H.G. Wells’in Maya Kitap etiketiyle yayınlanan On İki Hikaye ve Bir Rüya kitabı, hem yazarın kıyıda köşede kalmış bir eserinin okuyucuyla buluşması açısından hem de içindeki öykülerin içeriği, kurgusu, diliyle sadece bilimkurgu fanatikleri için değil tüm edebiyat meraklılarına hitap etmesi bakımından önemli bir nitelik taşıyor.
Bir yazarı bilimkurgu edebiyatının ‘babası’ olarak anacaksak eğer; o kişi kuşkusuz H.G. Wells olmalıdır. Ya da tam adıyla Herbert George Wells… 21 Eylül 1866’da doğan yazar çocukken geçirdiği bir kaza sonucunda birkaç ay yatağa bağlı kalmak zorunda kalmış. Bu süre onun için Charles Dickens, Washington Irving gibi isimlerle tanışmasını sağlamış ve bilimkurgunun kapılarını da yatalak geçirdiği bu dönemde aralamış. İyileştikten sonra ekonomik durumu hayli kötü olan babasının hırdavatçı dükkanının da kapanmasıyla Wells bir manifaturacının yanında çırak olarak çalışmaya başlamış. Aynı zamanda annesinin evlere temizliğe gitmesi ve Wells’in de ona arada eşlik etmesi geleceğin yazarı için altyapı oluşturacak yeterli materyali sağlamasına sebep olmuş zira gittiği bu evlerden birinin devasa kütüphanesinde Aydınlanma Çağı’nın büyük isimlerinin kitaplarıyla tanışma imkanı yakalamış. Sonrası malum: Gelsin Zaman Makinesi, Doktor Moreau’nun Adası, Görünmez Adam…
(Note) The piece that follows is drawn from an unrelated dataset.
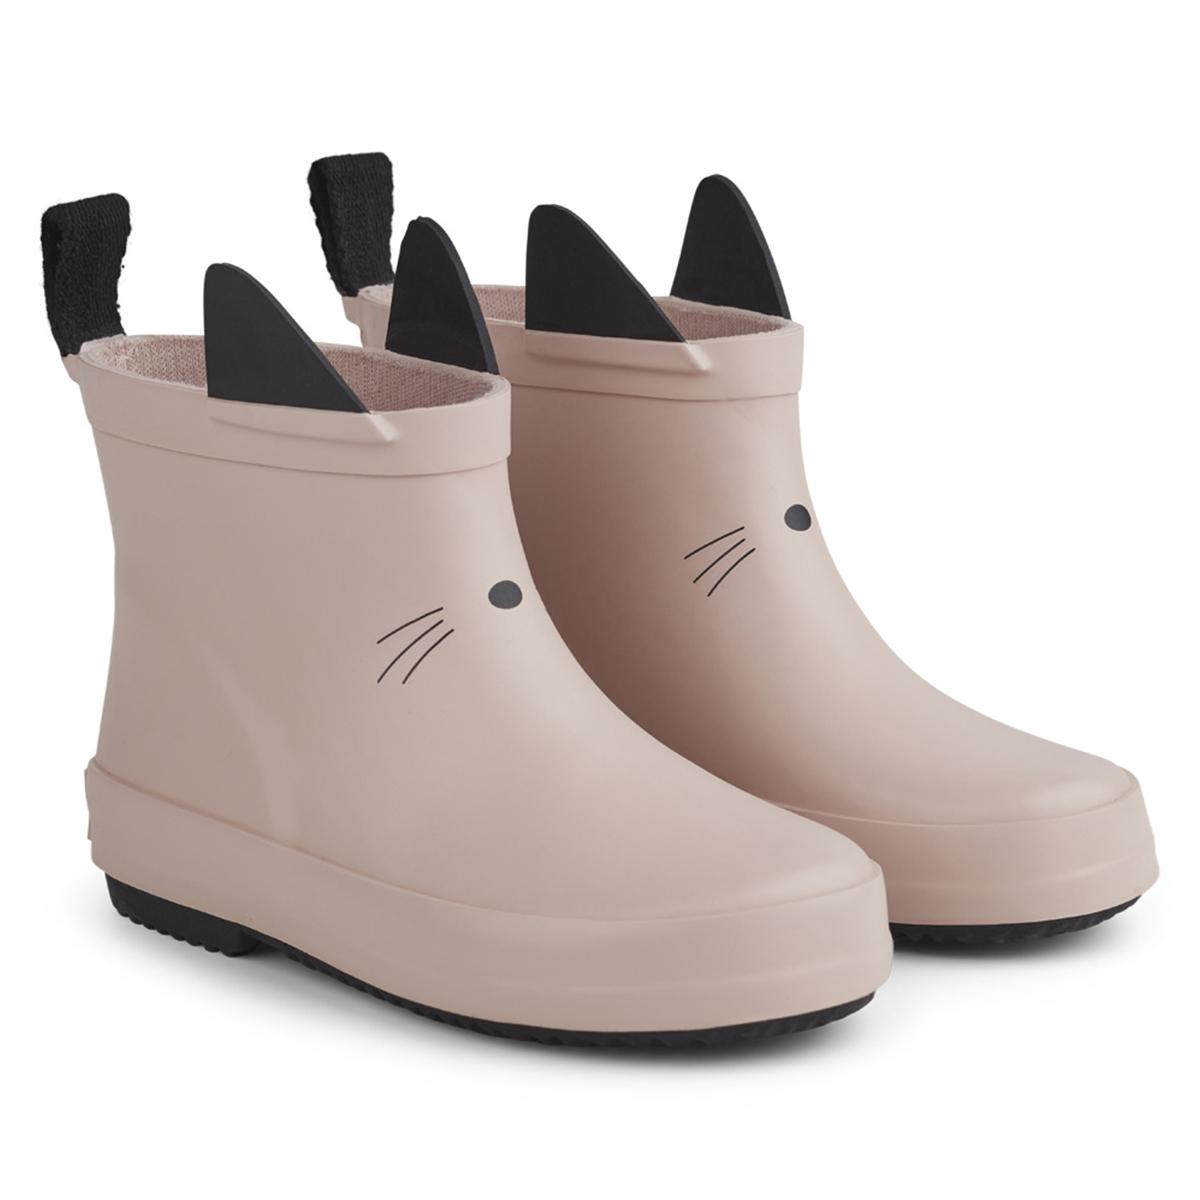 Chaussons & Chaussures Bottes de Pluie Tobi Cat Rose - 23

Bu kitaplar H.G. Wells’in dünya çapında üne kavuşmasını sağlayan eserler olarak kuşkusuz bilimkurgunun yanında kurgu edebiyatta da ne kadar başarılı olduğunun göstergesi. Ve elbette en bilinenleri. Maya Kitap etiketiyle yayınlanan On İki Hikaye ve Bir Rüya ise yazarın kıyıda köşede kalmış ancak bugüne kadar ortaya çıkmamasını ‘hata’ olarak değerlendirebileceğimiz kitaplarından birisi. Elif Nihan Akbaş’ın titiz çevirisiyle okurla buluşan kitap adından da anlaşılacağı üzere on iki öyküden meydana geliyor. Her biri birbirinden fantastik kurgularla okuyucunun zihnine giren öykülerde Wells’in bilinen üslubundan biraz daha farklı bir rota izlediğini söylememiz mümkün.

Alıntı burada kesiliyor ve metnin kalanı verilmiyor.